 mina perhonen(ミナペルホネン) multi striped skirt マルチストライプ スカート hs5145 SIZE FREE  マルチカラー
* * *
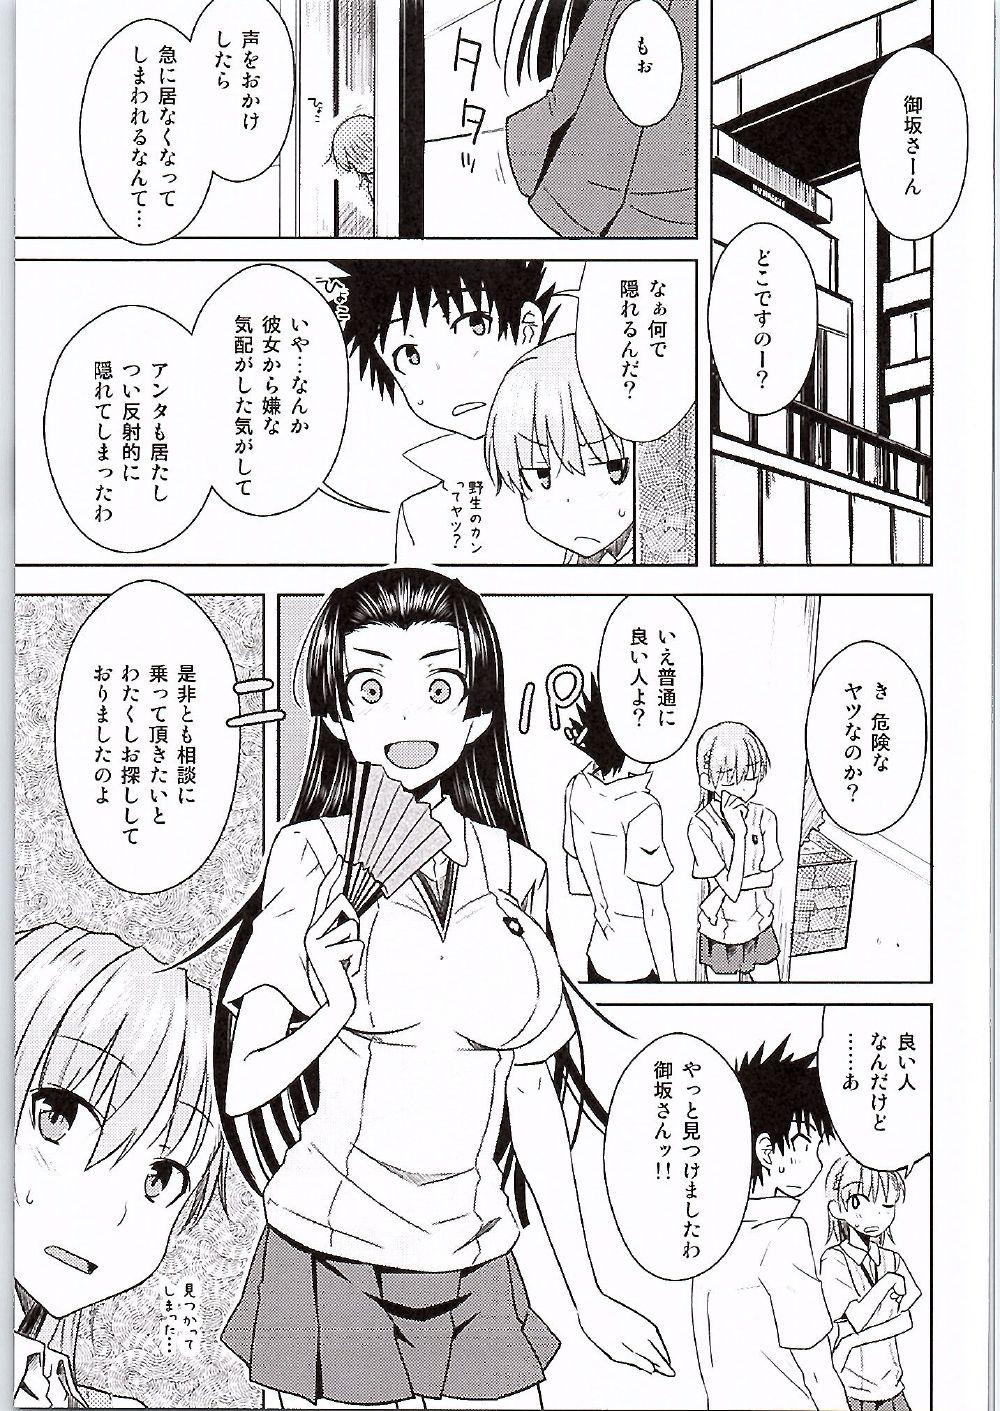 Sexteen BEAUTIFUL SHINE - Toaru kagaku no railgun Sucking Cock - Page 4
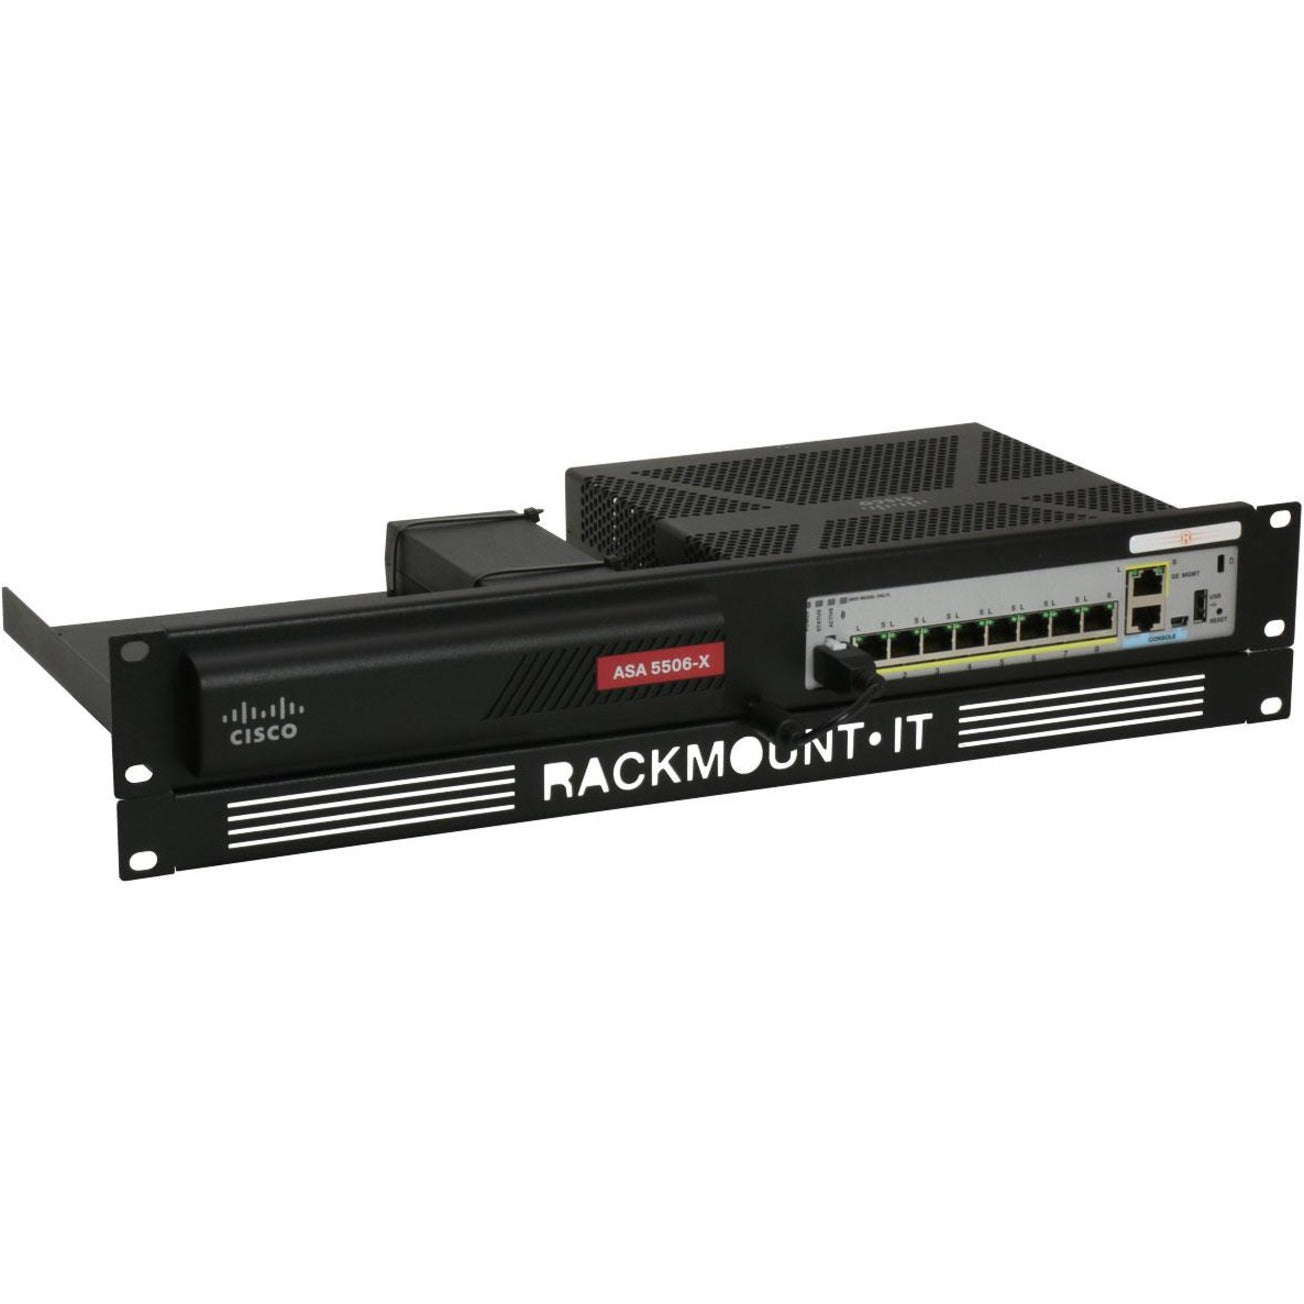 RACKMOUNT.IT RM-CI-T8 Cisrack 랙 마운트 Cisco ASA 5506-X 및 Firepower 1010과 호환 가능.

| Description of the task |
Respond with the exact lines above running from the one containing "Sexteen BEAUTIFUL SHINE" to the one containing "RACKMOUNT.IT RM-CI-T8 Cisrack", both ends kept and no pictures included.

| Task solution |
 Sexteen BEAUTIFUL SHINE - Toaru kagaku no railgun Sucking Cock - Page 4
 RACKMOUNT.IT RM-CI-T8 Cisrack 랙 마운트 Cisco ASA 5506-X 및 Firepower 1010과 호환 가능.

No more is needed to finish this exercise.